The paper then analyses how the bound applies to different dark‑matter spins and CP properties. For scalar dark matter (real or complex) the initial state is CP‑even with J = 0; annihilation to light fermions is helicity‑suppressed, so the dominant channels are the heaviest kinematically accessible fermion or W⁺W⁻. In the fermionic case the final state must have L = 1, S = 1, allowing the bound. For Majorana fermion dark matter the initial state is CP‑odd, J = 0, and the allowed final state is L = 0, S = 0, again yielding a bound for fermion or W⁺W⁻ channels. Dirac fermion dark matter can annihilate with J = 0 or J = 1; the J = 1 channel is forbidden to γγ by the Landau‑Yang theorem, so the weakest bound comes from the J = 0 component. For real vector dark matter the initial state can have J = 0 or J = 2; the J = 0 case mirrors the scalar analysis, while J = 2 involves many (L, S) combinations, preventing a universal bound except in special kinematic limits (e.g., near the W‑mass threshold).
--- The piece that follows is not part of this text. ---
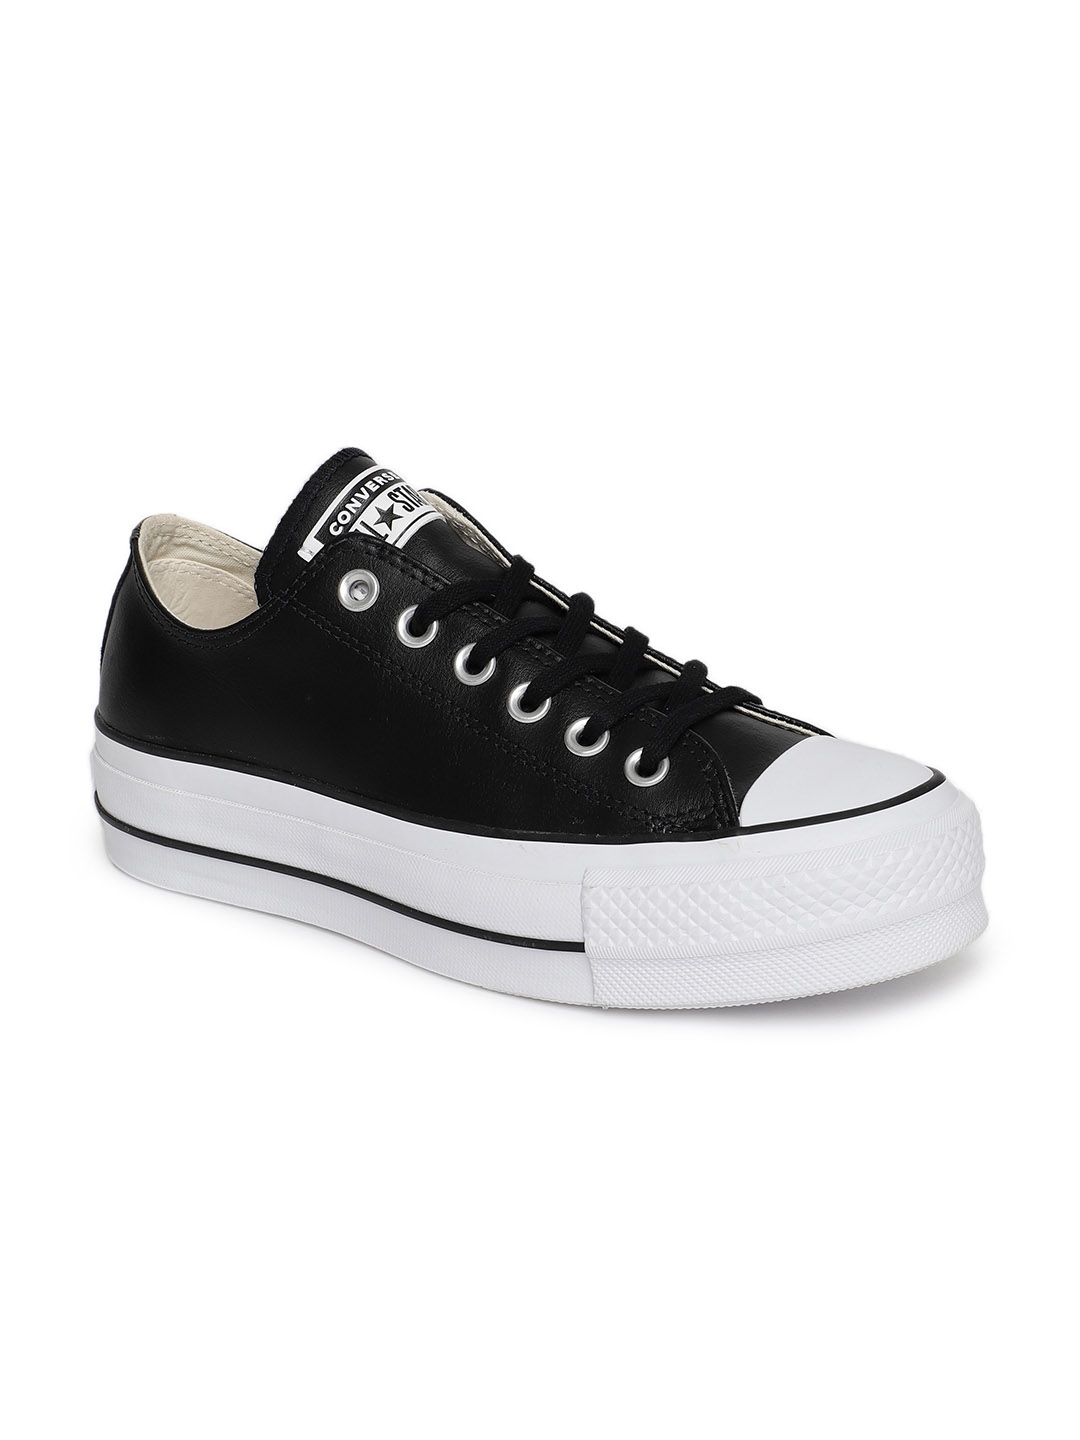 Buy Converse Leather Chuck Taylor All Star Lift Black 561681C Leather ...

Having established the theoretical framework, the authors apply it to real data. Using the Fermi‑LAT measurements of both line searches and diffuse gamma‑ray fluxes, they compute Γ_im/Γ for several SM final states (b b̄, t t̄, W⁺W⁻, etc.) and translate the line‑search limits into upper limits on σ(χχ → X X̄). The resulting constraints are consistent with, and in many cases reproduce, the known limits obtained in specific models such as the Minimal Supersymmetric Standard Model (MSSM), Universal Extra Dimensions (UED), and the Littlest Higgs model with T‑parity.
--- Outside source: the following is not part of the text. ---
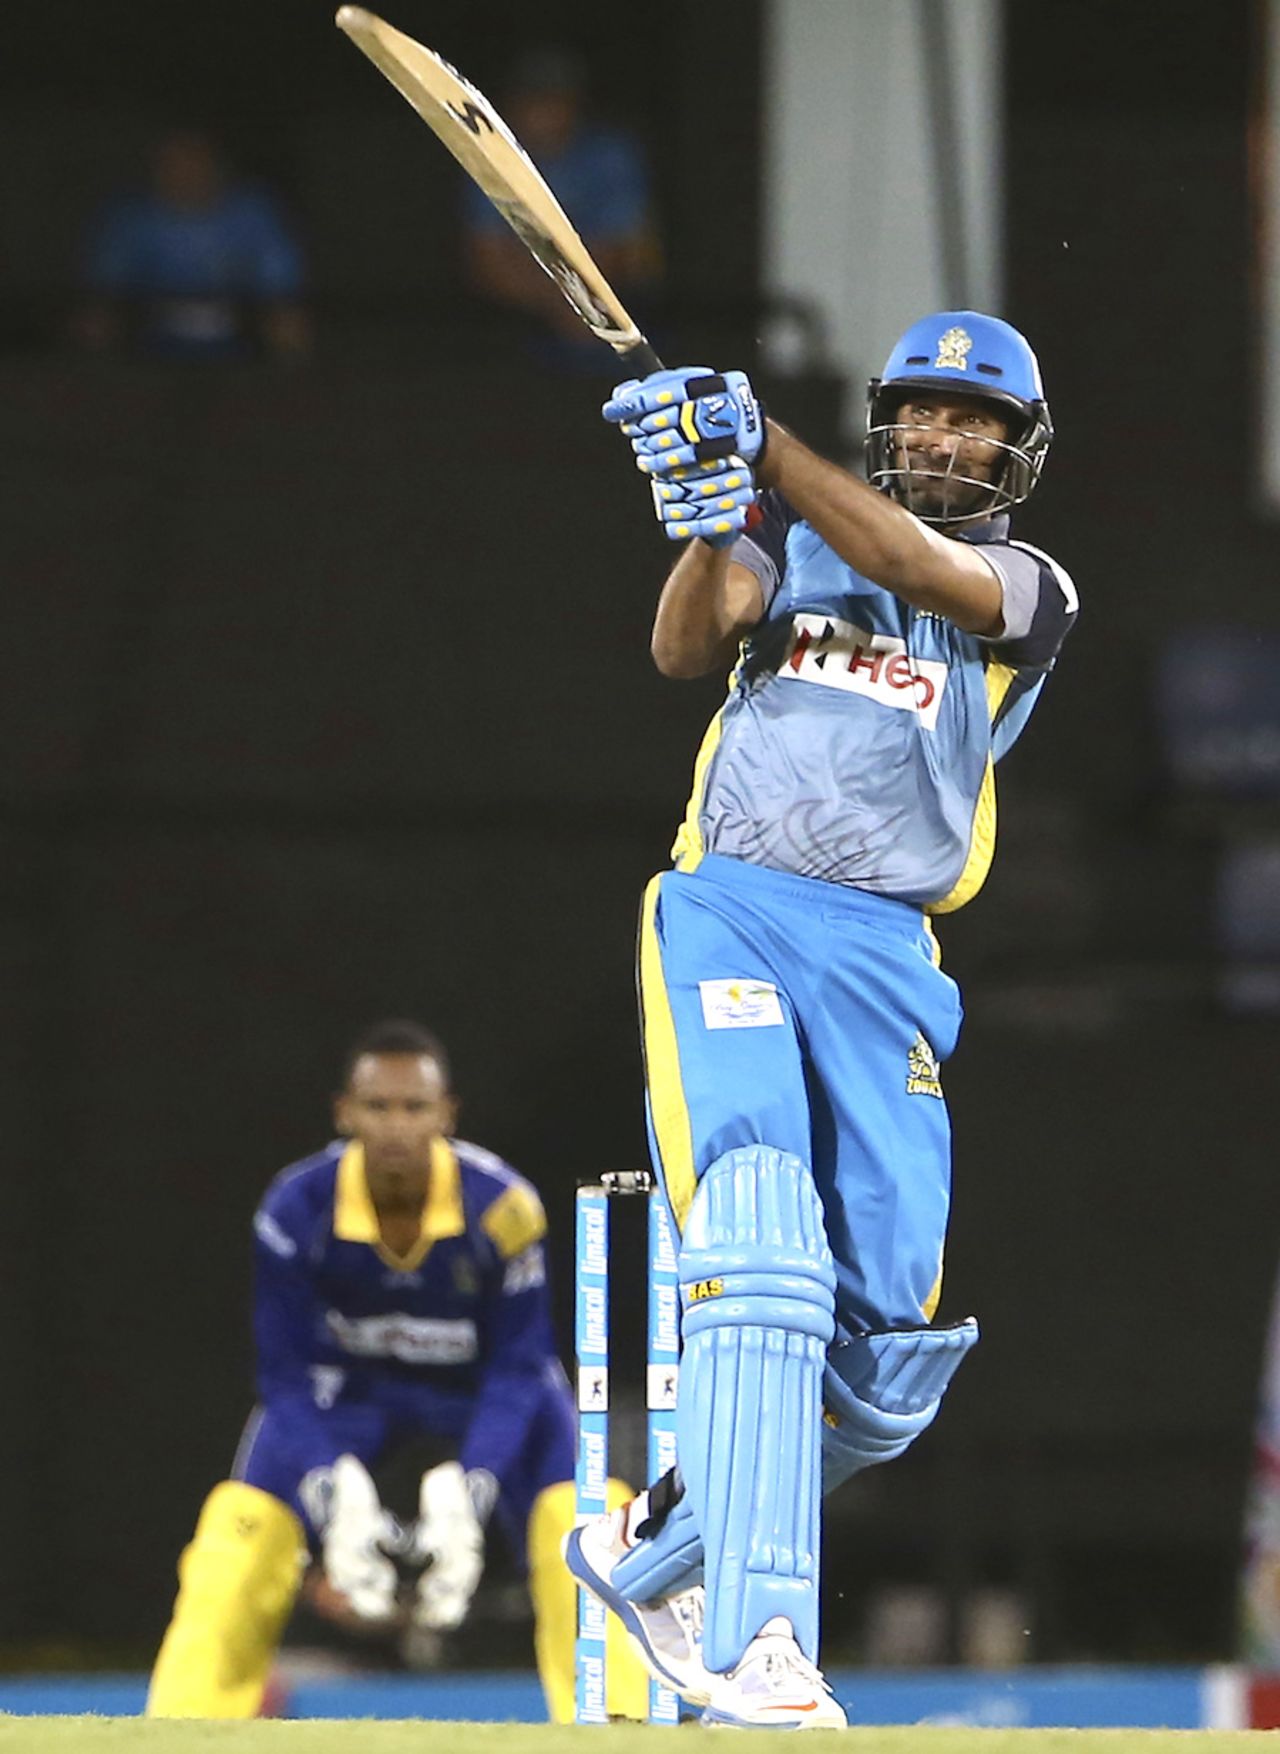 Sohail Tanvir pulls one to the leg side, St Lucia Zouks v Barbados Tridents, CPL 2014, Gros Islet, July 31, 2014

In summary, the work provides a robust, model‑independent lower bound on the strength of gamma‑ray lines relative to the continuum for a wide class of WIMP scenarios. By grounding the bound in SM loop calculations and unitarity, it sidesteps uncertainties associated with unknown new‑physics particles in the loop. The methodology can be directly applied to any dark‑matter model that annihilates dominantly into a single SM final state via s‑wave, CP‑conserving processes, offering a powerful tool for interpreting current and future gamma‑ray observations.